— Не знаешь, что и подумать. Впрочем, одну я могу отдать себе справедливость, что «никакой работой я не хвалился, а что я изобразил, то изобразил», как говаривал Гёте, а потому очень-то не смущаюсь, и даже знал наперёд, что не почувствую особенного смущения. Хотя я, с одной стороны, очень хорошо понимаю, что всякий талант, как всякое дерево, даёт только те плоды, какие ему приличествует давать, однако, с другой стороны, я не делаю себе никаких иллюзий насчёт моего таланта, моего дерева и вижу в нём весьма обыкновенную, едва привитую российскую яблоню.
Это не совсем совпадало с его представлением об отставшем от времени старичке, обвиняющем новое время во всех смертных грехах, зато обвиняющем особенно пылко, что оно отодвинуло в сторону ревнивого старичка, не справившись с мнением, в каком направлении надо идти, отчасти не совпадало в том отношении, что все эти замшелые старички без конца и даже с пеной у рта выставляют на вид свои, обычно гипотетические, таланты, а Тургенев вдруг так уничижительно сказал о своём.

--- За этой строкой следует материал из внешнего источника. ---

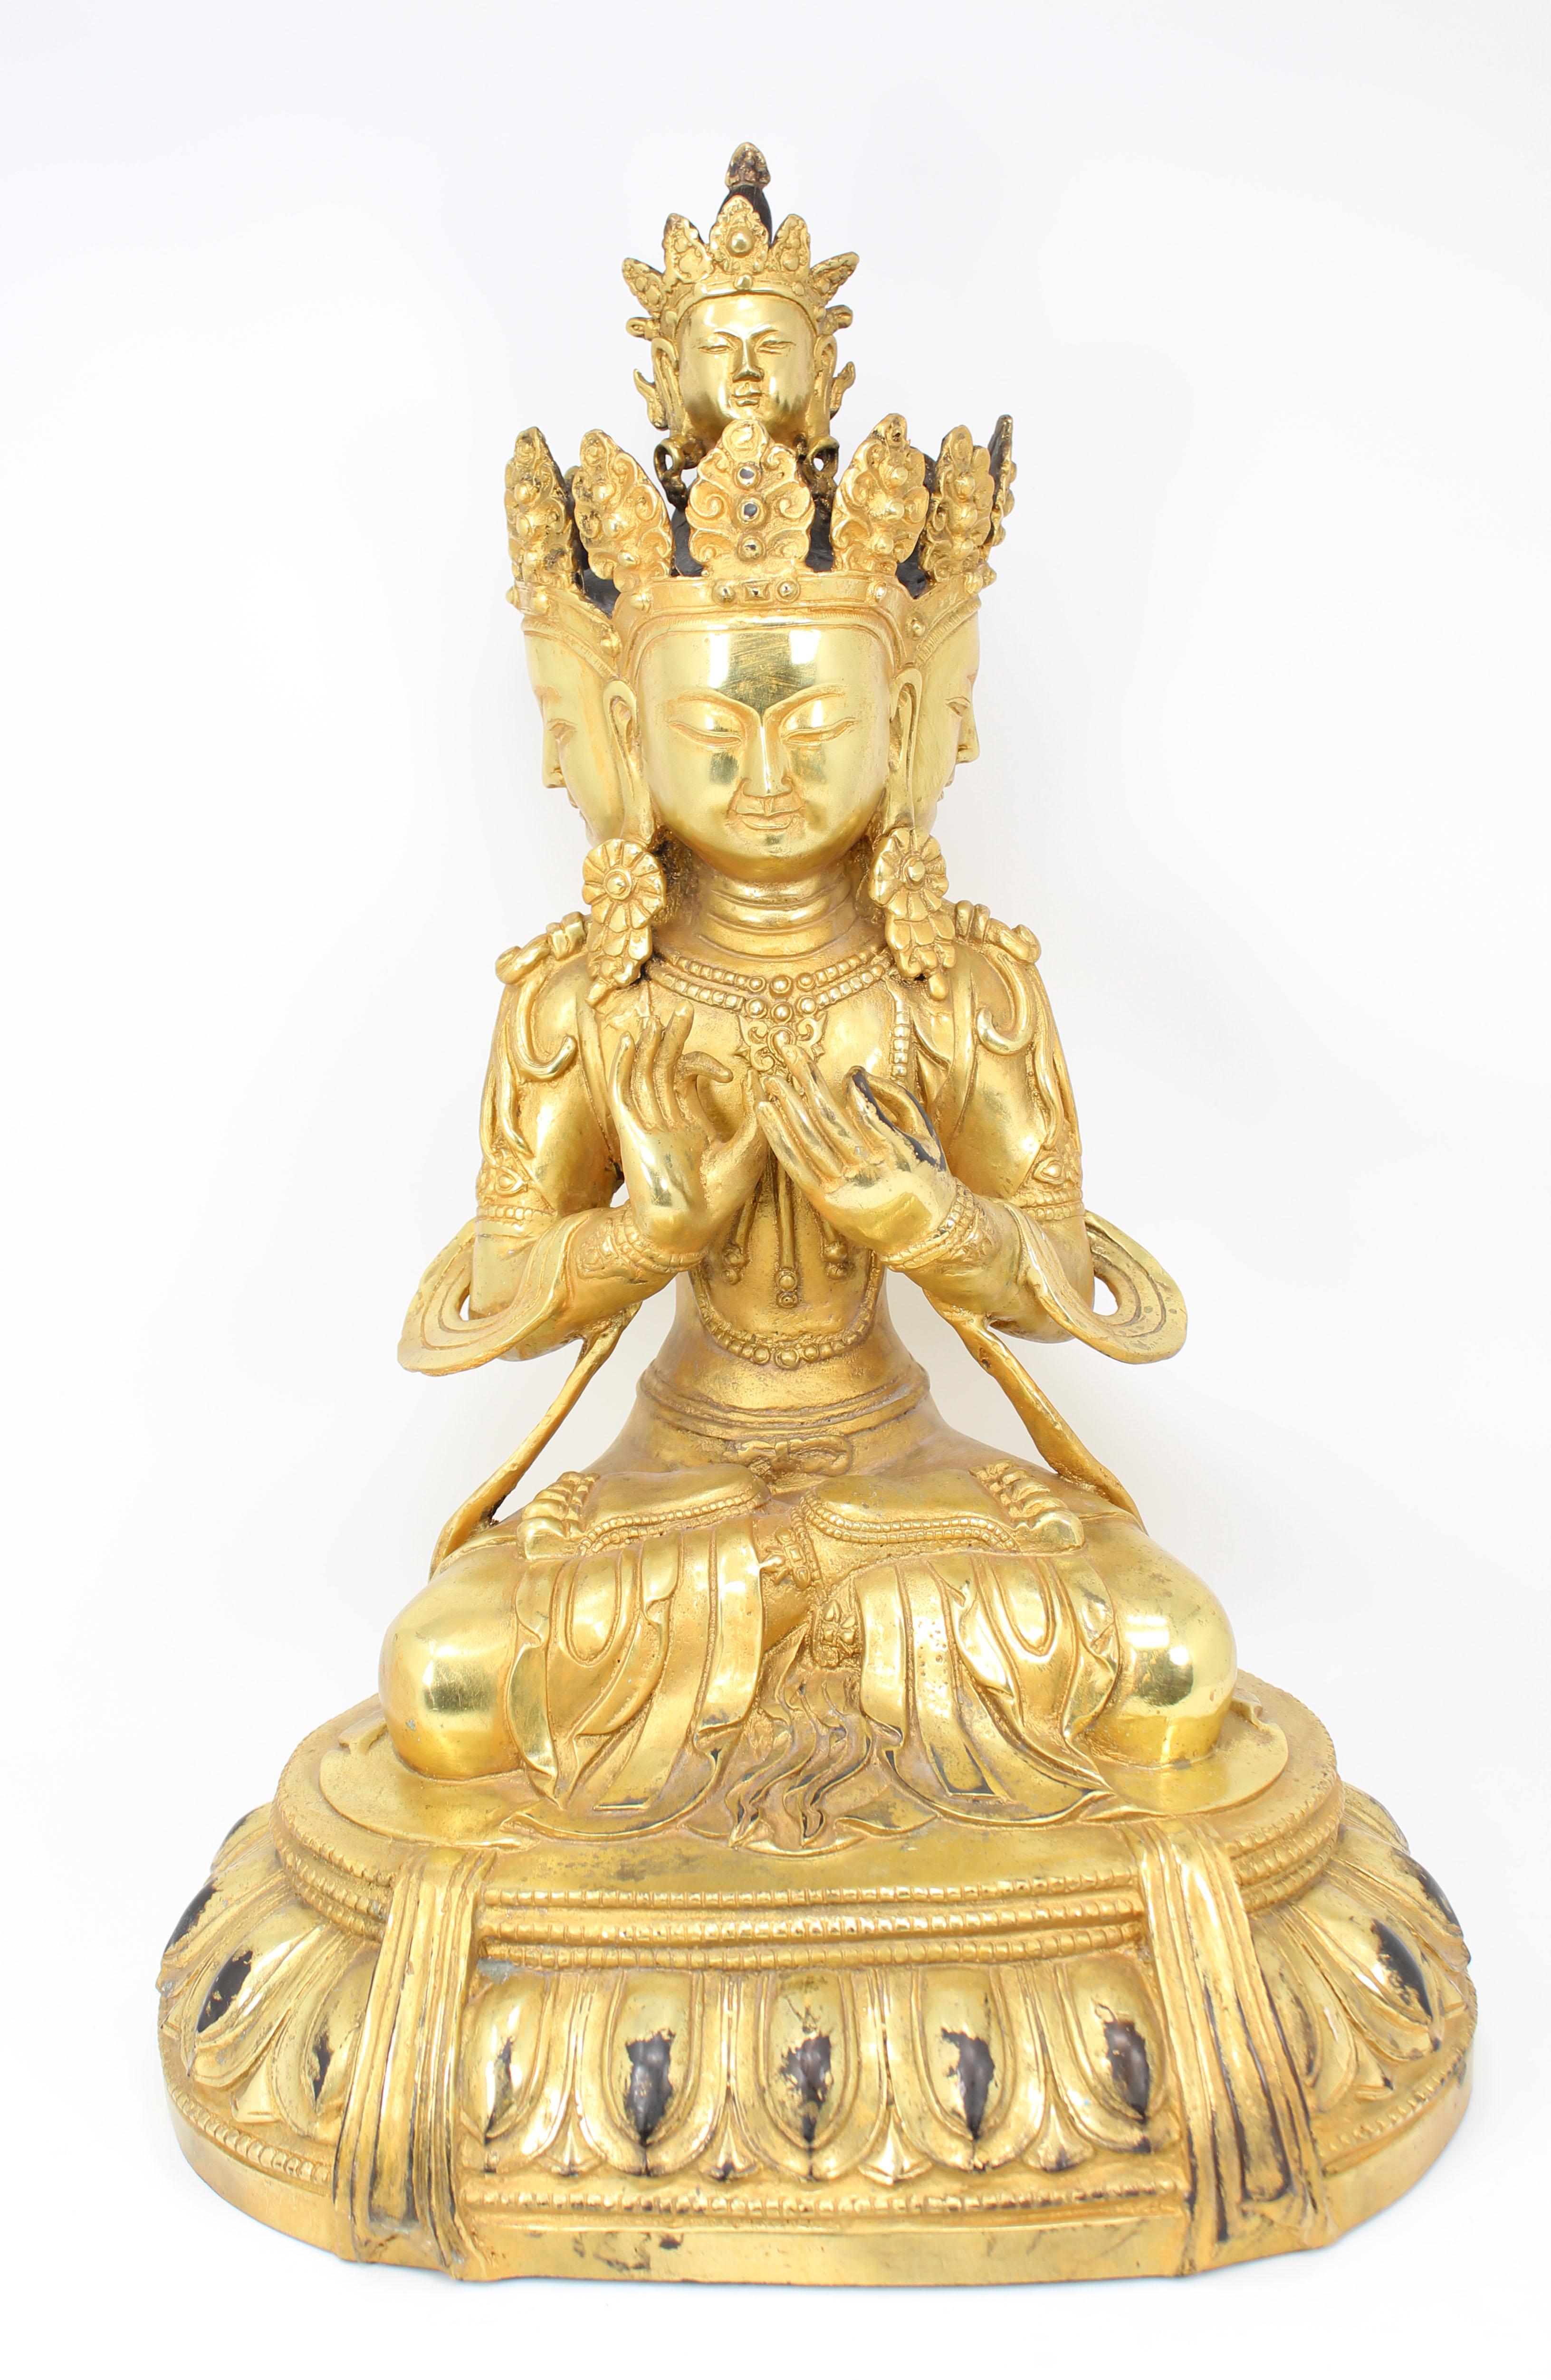 Lot 30 - Antique Gilt Bronze Tibetan Bodhisattva Vasundhara

Он насторожился, не лицемерит ли тот, а Тургенев, высказав свою мысль, оглянулся, придвинул тяжёлое кресло, опустился в него, заложил ногу за ногу, выдвинув большую ступню почти вверх, едва помещаясь в этом невысоком вместительном кресле, которое всё-таки казалось игрушечным в сравнении с этой массивной фигурой, и задиристо произнёс:
— Я даже уверен, что это единственно дельная вещь, какую я до сей поры написал. С чистой совестью предоставляю это право другим, а я своё дело сделал. И если есть в моём произведении сила живучести, так оно выдержит все эти разносторонние нападения и принесёт свою долю пользы, вот как я на это смотрю.
Рассеянно слушая, неприязненно подумав ещё раз, что, должно быть, рисуется, называя «Дым» вещью единственно дельной, уж слишком загнул, перехватил через край, не забыл же о «Записках охотника», куда уж были своевременней и дельней, заслуга перед обществом несомненная, неужто нынче и повыше занёсся, нехорошо-с, он неторопливо курил, медленно выпуская дым через ноздри.
По какой-то причине, но невозможно было решить по какой, он припомнил довольно живую статью об Иване Шестом, на которую наткнулся как-то в «Отечественных записках», около года назад. Может быть, внезапное это воспоминание было вызвано довольно верной мыслью Тургенева о разных сторонах одного и того же предмета, как почему-то донеслось до него? Может быть, тут были и иные, глубинные, самые нужные связи, как знать? Да и зачем выяснять так дотошно? Но та же ли самая была бы это рисовка?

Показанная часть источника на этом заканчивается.